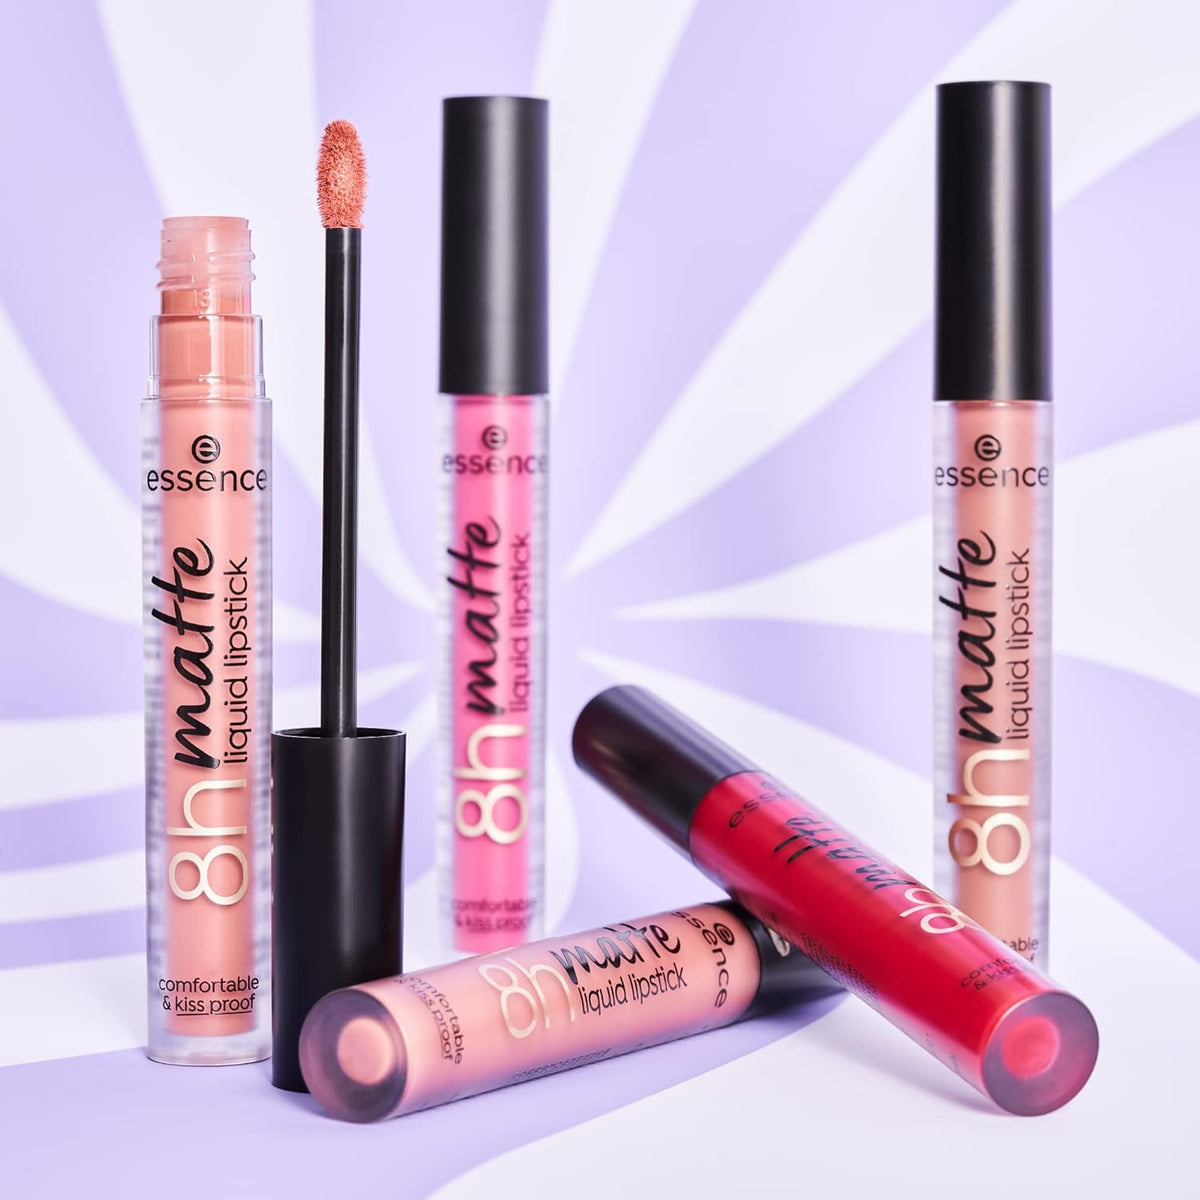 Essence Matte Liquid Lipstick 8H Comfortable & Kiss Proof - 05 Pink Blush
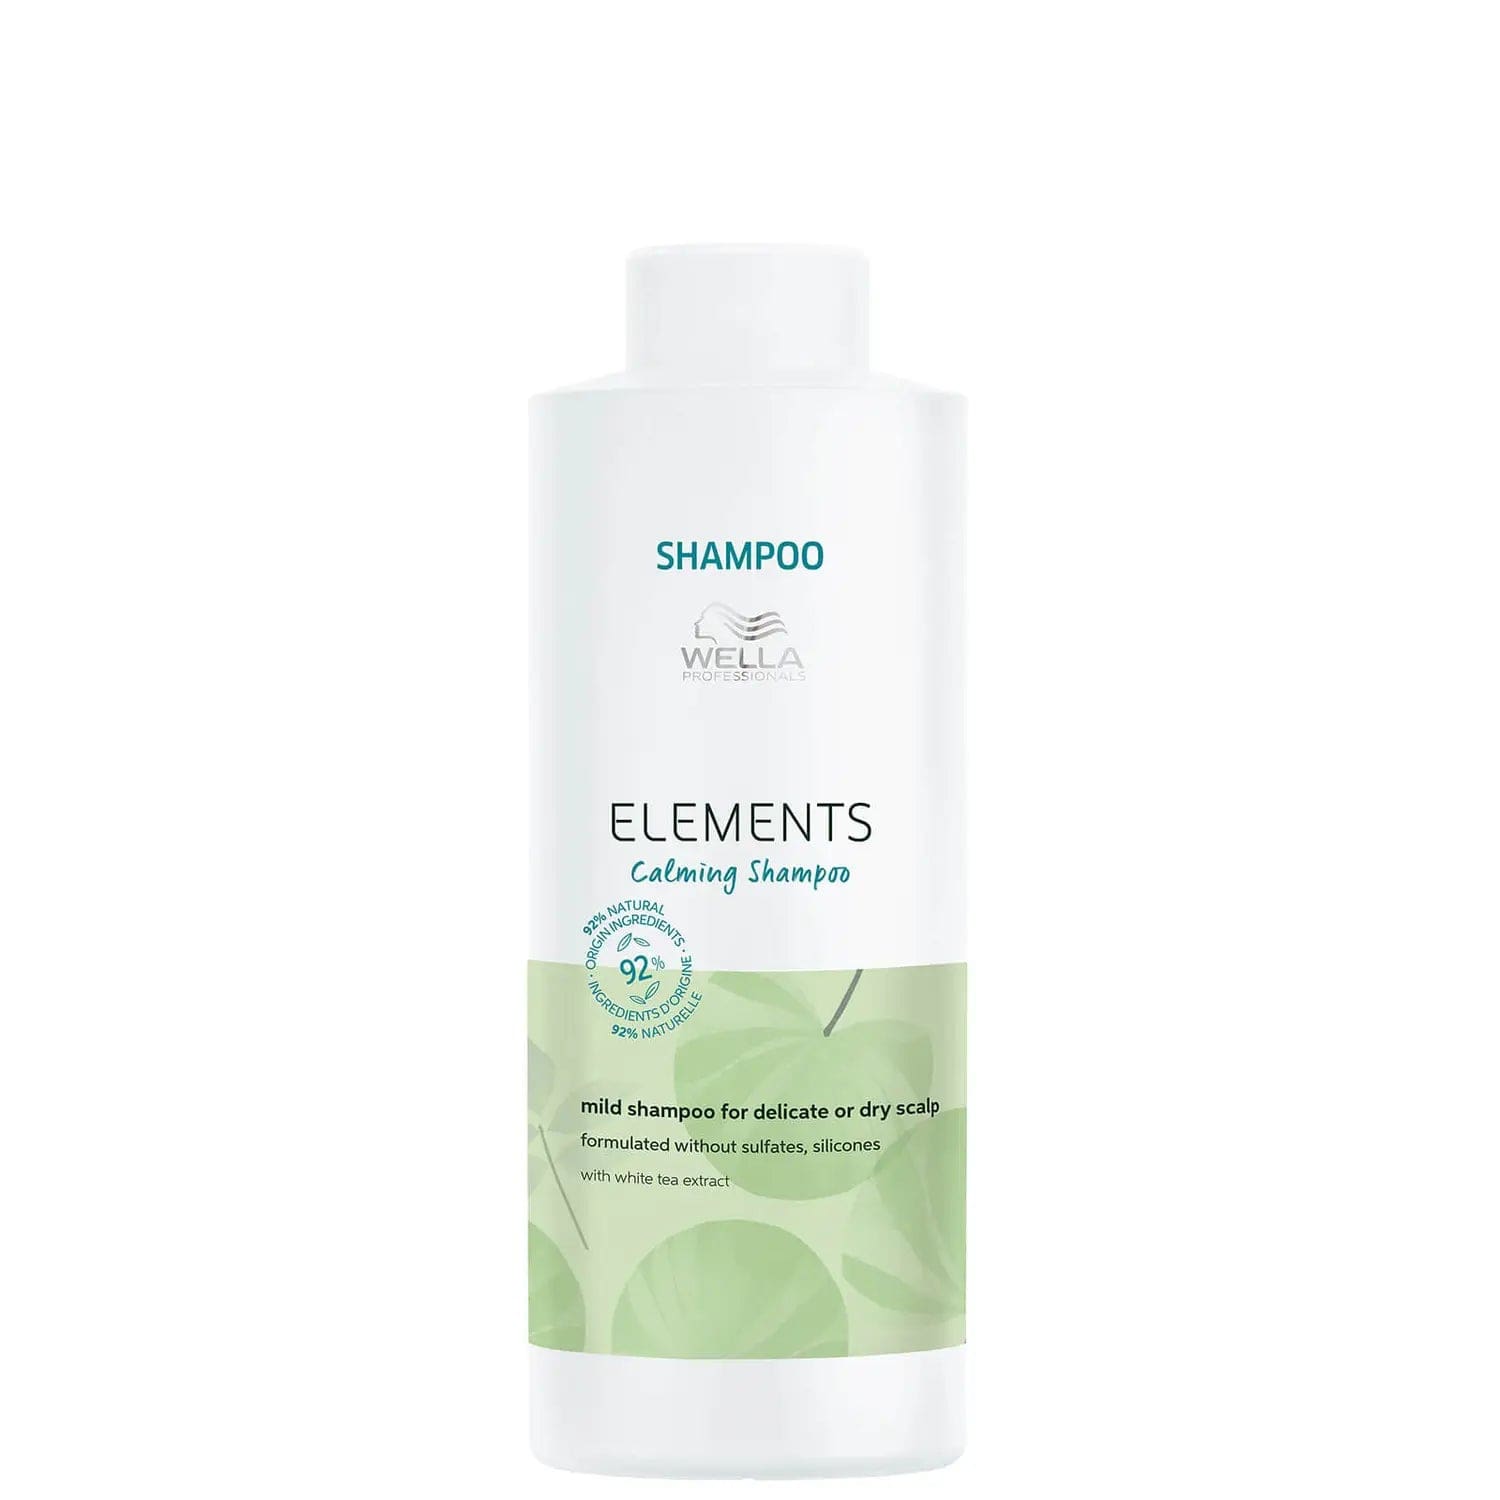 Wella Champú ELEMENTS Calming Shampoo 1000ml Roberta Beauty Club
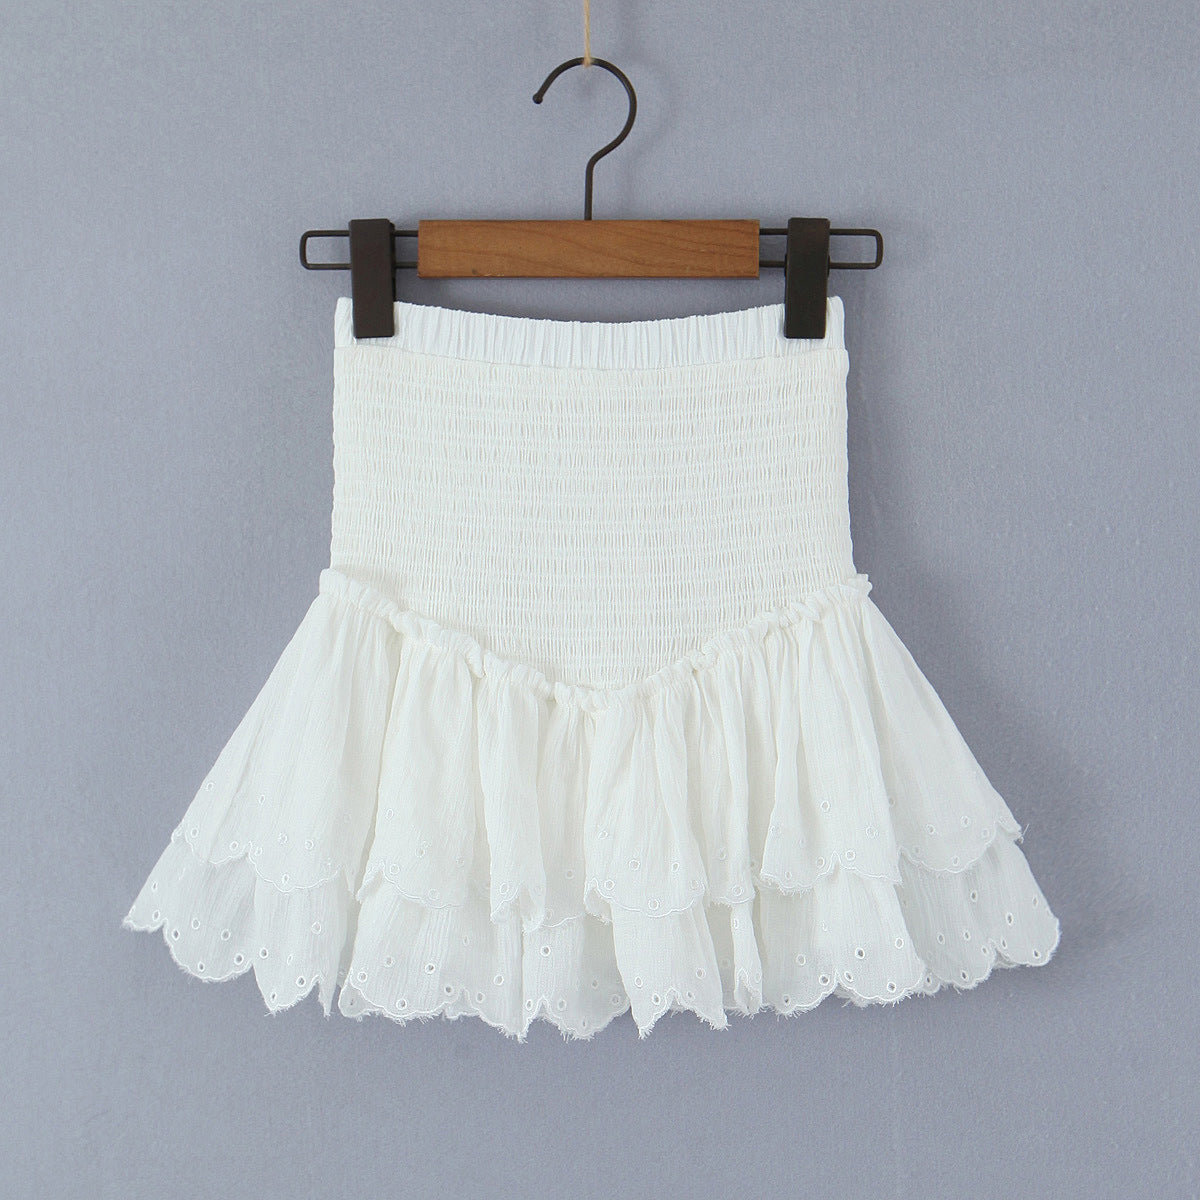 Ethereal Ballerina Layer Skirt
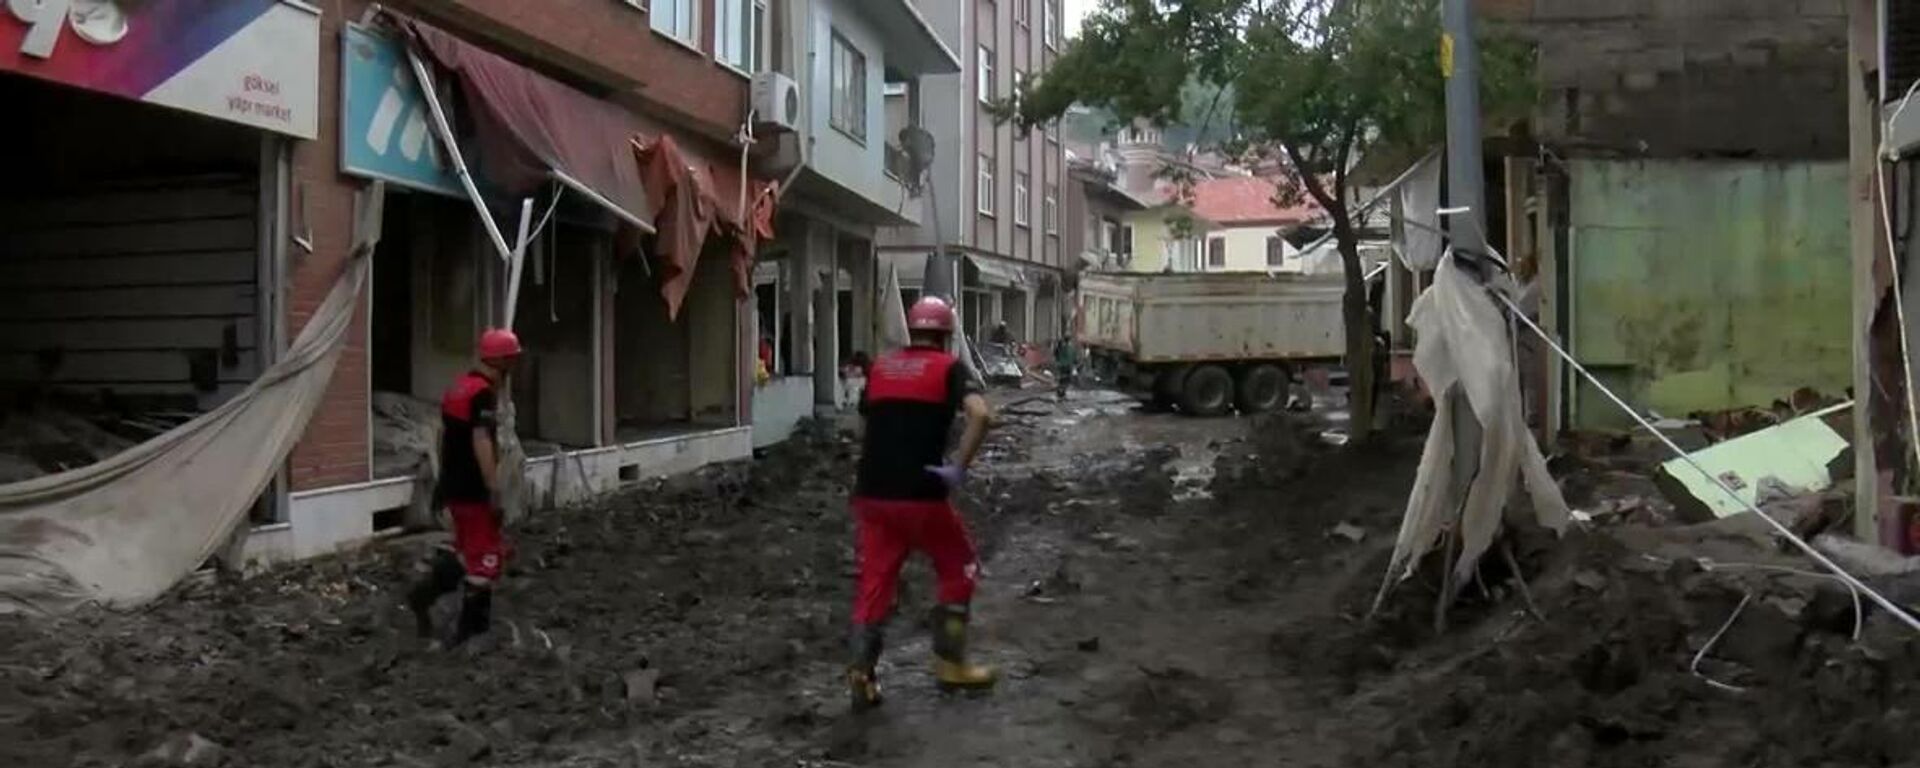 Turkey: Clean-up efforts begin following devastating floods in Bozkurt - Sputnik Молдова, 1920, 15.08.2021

* [What you need to do]: Please output all the data exactly as given, with the pictures omitted.

* [Result of the task]:
 Essence Matte Liquid Lipstick 8H Comfortable & Kiss Proof - 05 Pink Blush
 Wella Champú ELEMENTS Calming Shampoo 1000ml Roberta Beauty Club
 Ethereal Ballerina Layer Skirt
 Turkey: Clean-up efforts begin following devastating floods in Bozkurt - Sputnik Молдова, 1920, 15.08.2021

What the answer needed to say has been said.